Chapter 65: Mark's Collapse

Chapter 65 · ~2.8k words

Elena didn't let Julianne see the way her heart slammed against her ribs. She simply took the cracked burner phone and walked out of the study, the heavy marble rolling pin still anchored in her right hand. She didn't go to the guest room; she headed for the basement stairs, following the smell of stale scotch and rot.

Mark was there, slumped on a dusty leather sofa near the furnace. The room was illuminated only by the orange flicker of a space heater. He held a crystal tumbler that looked identical to the ones in Julianne’s penthouse, but the liquid inside was darker, murkier. He didn't look up when the door groaned open.

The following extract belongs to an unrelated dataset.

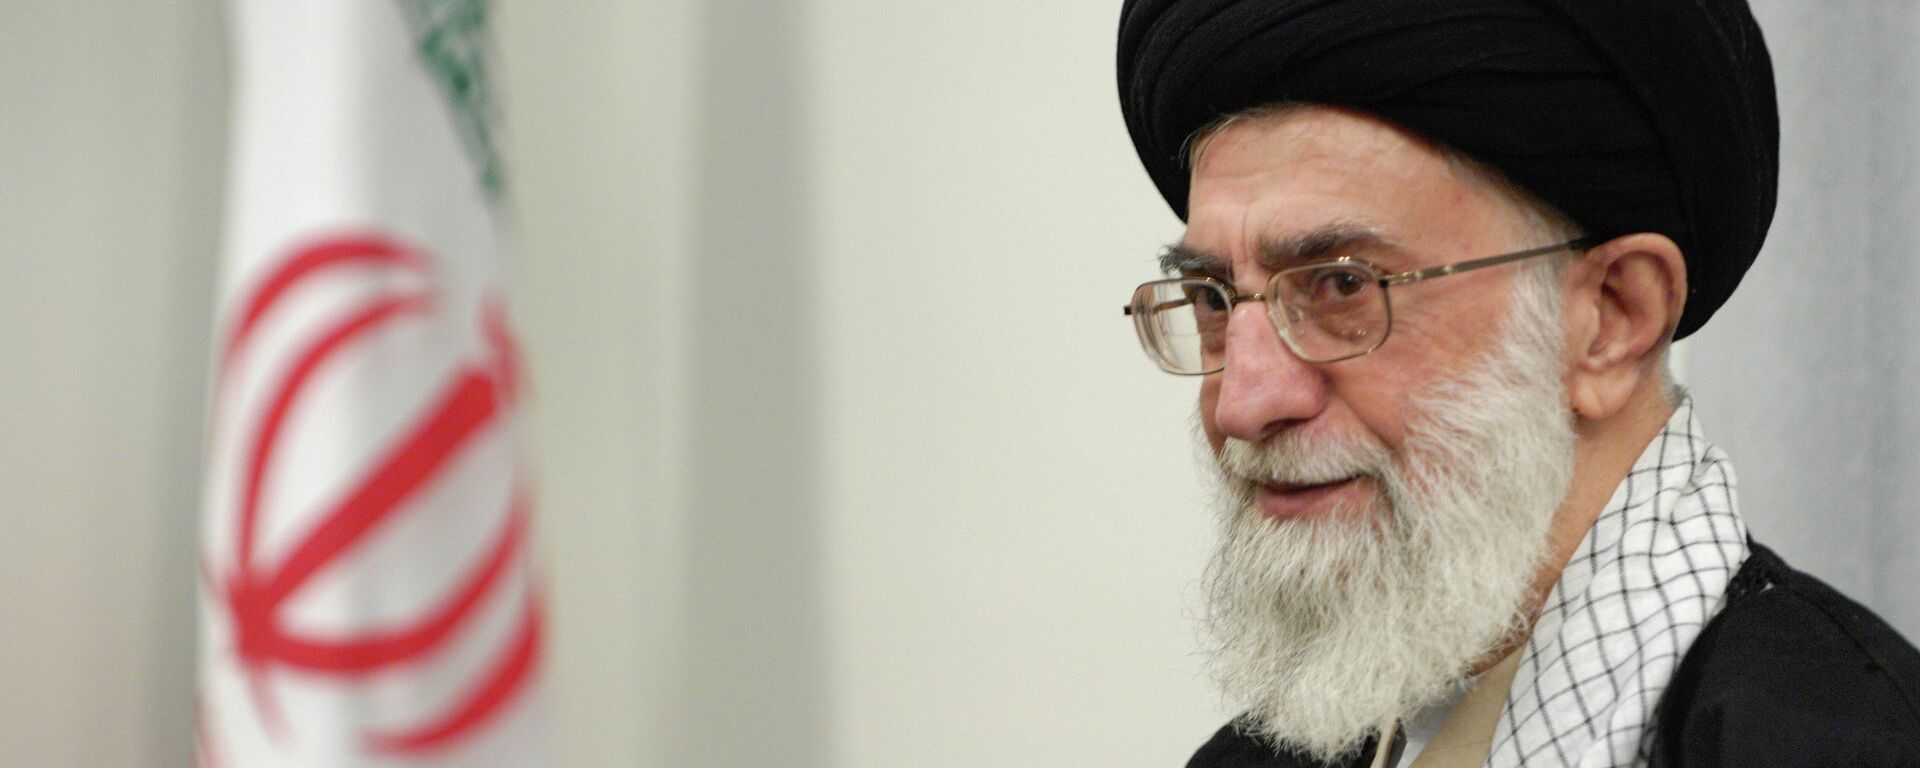 Духовный лидер Ирана аятолла Сейед Али Хаменеи. Архивное фото. - Sputnik Тоҷикистон, 1920, 13.07.2022

"She told you, didn't she?" Mark’s voice was wet, thick with a decade of suppressed cowardice. "She told you Gabriel is done playing the long game."

"She said he wants Mia," Elena said, her voice a flat, dangerous rasp. "She said he knows about the swap."

Mark laughed, a ragged, ugly sound that ended in a coughing fit. He took a long pull from the glass, his eyes tracking a spider on the low ceiling. "He always knew, Elena. Gabriel Vargas is many things, but he isn't a fool. He let Julianne think she was winning. He let her launder his money and build her little art empire while he waited for the match to grow up. For the investment to mature."

"And you let him?" Elena stepped into the circle of orange heat, the rolling pin white-knuckled in her grip. "You raising her, teaching her to ride a bike, knowing she was a biological backup drive for a murderer?"

Mark finally looked at her, and the architect’s polished facade was gone, replaced by a man who had been hollowed out from the inside. He reached for a bottle on the floor and poured another three fingers of amber liquid.

"I didn't have a choice," he whispered. "In 2002, before Zurich... I was in deep, Elena. Gambling debts. Failed investments. I owed Gabriel’s associates more than the firm was worth. They were going to take my legs, and then they were going to take Julianne."

He leaned forward, his breath reeking of high-end alcohol and low-level despair.

"Julianne made the deal. She provided the vessel—Julia—and she promised Gabriel the match. In exchange, my debts were erased. But there was a condition. I had to provide the Vance name. I had to make her legitimate issue so the trust would stay open to fund the operation."

Elena felt the air in the basement grow thin, the oxygen consumed by the furnace and the weight of the lie. "You didn't marry me for a second chance, Mark. You married me for a character witness."

Mark slumped back, the glass slipping from his hand and shattering on the concrete. He didn't even flinch. He just stared at the shards, his eyes wide and vacant.

"I sold her, Elena. I sold my niece to save my legs."

"I sold her, Elena. I sold my niece to save my legs."